* **Dataset excerpts**:
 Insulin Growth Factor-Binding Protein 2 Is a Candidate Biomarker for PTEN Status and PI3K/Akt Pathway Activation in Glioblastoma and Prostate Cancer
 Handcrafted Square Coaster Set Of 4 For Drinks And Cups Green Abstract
---
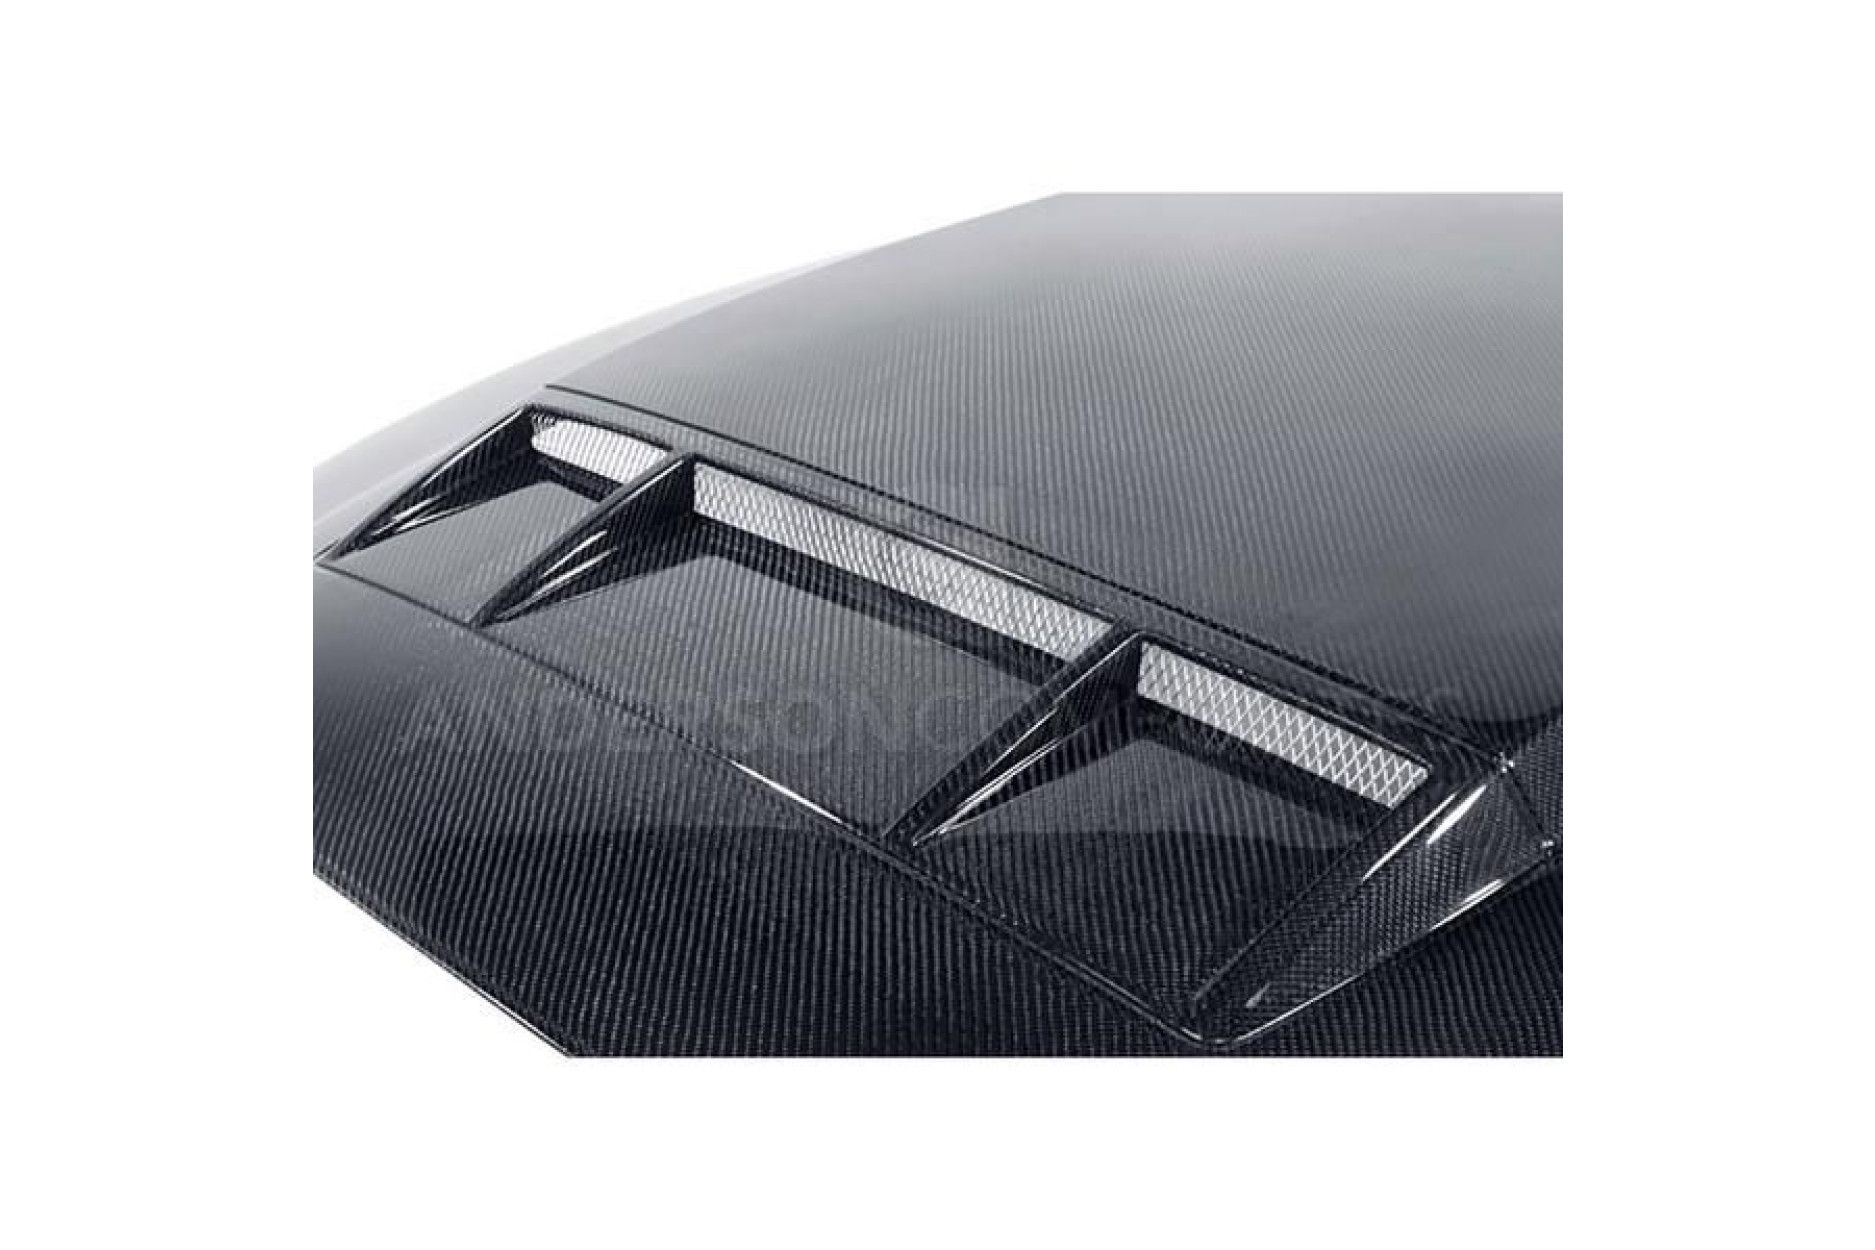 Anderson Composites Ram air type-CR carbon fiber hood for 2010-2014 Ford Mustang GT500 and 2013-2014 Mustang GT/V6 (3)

* **What the task requires**: Using the entries above, output exactly the lines between the line holding "Insulin Growth Factor-Binding" and the line holding "Handcrafted Square Coaster", end lines included, and nothing more.

* **Exercise output**:
 Insulin Growth Factor-Binding Protein 2 Is a Candidate Biomarker for PTEN Status and PI3K/Akt Pathway Activation in Glioblastoma and Prostate Cancer
 Handcrafted Square Coaster Set Of 4 For Drinks And Cups Green Abstract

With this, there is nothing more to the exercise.